Je me sens pleine de vie.

J'aimerais en souffrir. J'aimerais en sortir mutilé. j'aimerais en avoir la nausée. J'aimerais détester la force puissante qui s'enroule autour de mon squelette.

Mais en vain.

La vie de quelqu'un d'autre palpite sous ma peau et je ne déteste pas ça.

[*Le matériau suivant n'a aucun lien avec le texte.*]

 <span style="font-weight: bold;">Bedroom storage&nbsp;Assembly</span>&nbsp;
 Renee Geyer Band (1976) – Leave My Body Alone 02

Je m'en veux d'y prendre du plaisir.

Je savoure la sensation de déborder d'encore plus de vie, d'espoir et de force que je m'en croyais capable. Sa douleur me procure une délectation que je n'ai jamais sollicitée.

Et il ne me lâche pas.

Mais il ne me lâche pas car sa lui est impossible. Parce que c'est à moi de rompre le lien. Parce que la douleur l'immobilise. Parce qu'il est pris dans mon piège. Parce que je suis une plante carnivore.

Et que je suis fatale.

Je tombe sur le dos et lui donne des coups de pied dans la poitrine pour qu'il s'écarte, qu'il soulève son poids de ma frêle ossature, mais son corps inerte s'écrase sur le mien. Je me mets soudain à hurler et je bataille pour y voir à travers les larmes qui occultent ma vision. Je suis saisie par le hoquet, hystérique, épouvantée par le regard figé sur le visage de cet homme, ses lèvres paralysées, pantelantes.

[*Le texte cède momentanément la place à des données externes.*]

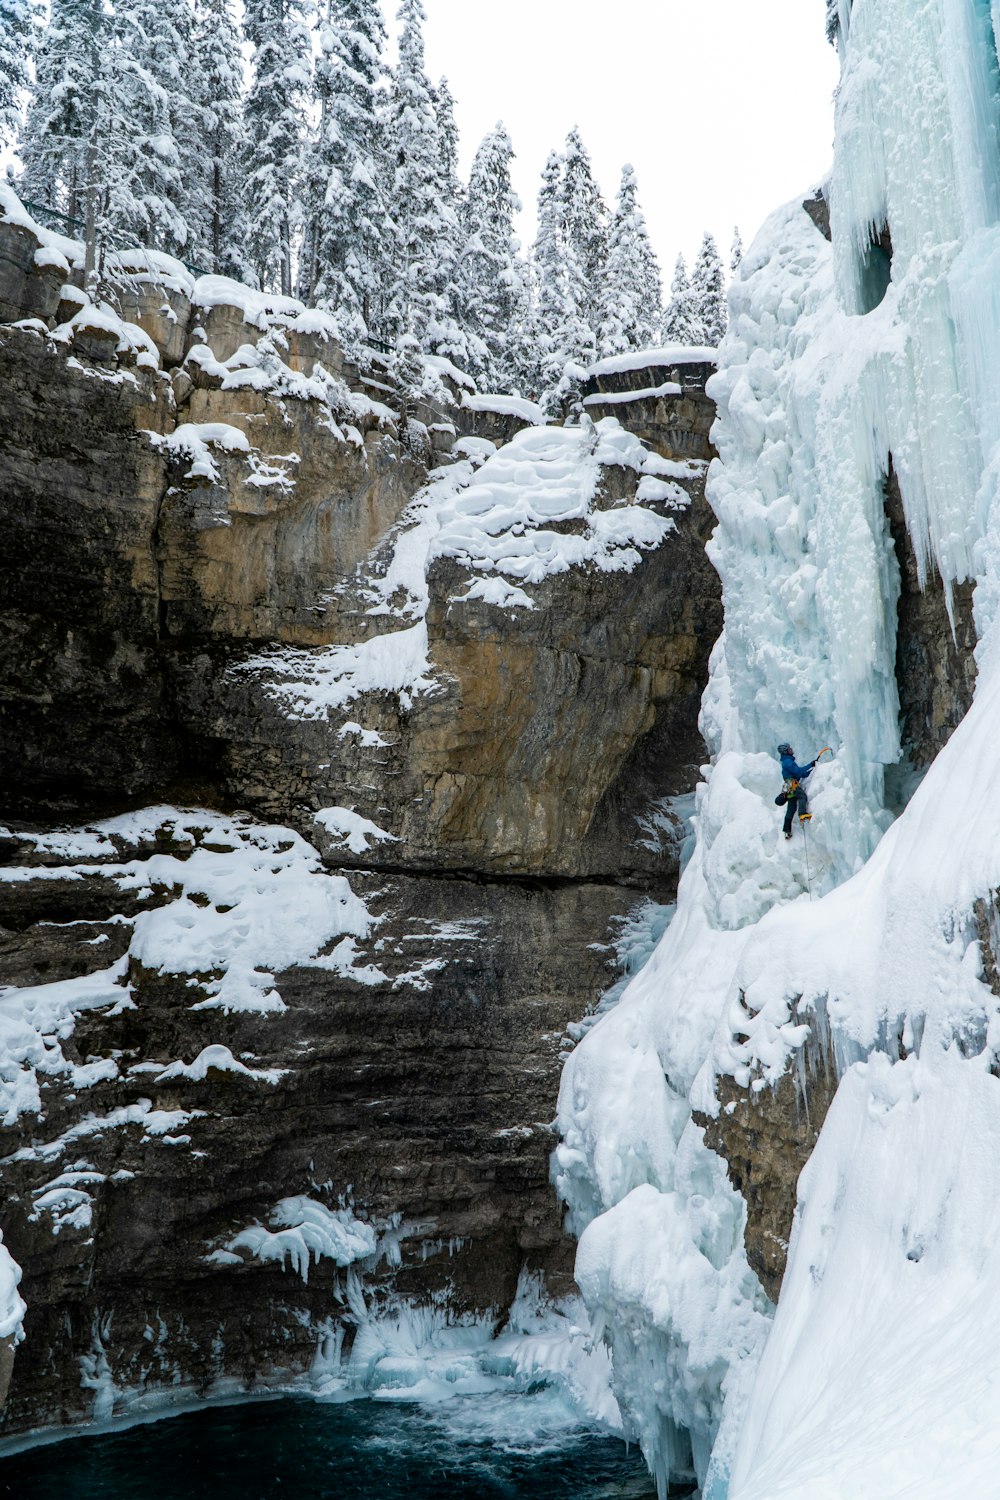 a person climbing up a snowy cliff next to a waterfall

Je me libère et trébuche en arrière. La mère de soldats s'écarte dans mon sillage. La stupéfaction et la peur la plus viscérale s'inscrivent sur chaque visage. Jenkins gît à terre et personne n'ose s'approcher de lui.

Je m'égosille :

-Quelqu'un doit l'aider ! Quelqu'un doit l'aider ! Il a besoin d'un médecin...Il doit être emmené...Il doit ...IL...Mon dieu ...Qu'est ce que j'ai fait...

-Juliette...

-NE ME TOUCHE PAS... NE T'AVISE PAS DE ME TOUCHER ...

Warner à renfilé ses gants et tente de me soutenir, de me ramener les cheveux en arrière ,de sécher mes larmes et je veux le tuer.

-Juliette, faut que tu te calme...

-AIDEZ-LE !

Je sanglote, tombe à genoux, les yeux rivés sur la silhouette étendue. Les autres soldats finissent par s'approcher, prudents comme si leur camarade risquait d'être contagieux.

-Je vous en prie...vous devez l'aider ! Je vous en prie...

-Kent, Curtis, Soledad...OCCUPEZ-VOUS-EN! Braille Warner à ses hommes avant de me soulever.

Je lance encore des coups de pied, quand tout devient noir.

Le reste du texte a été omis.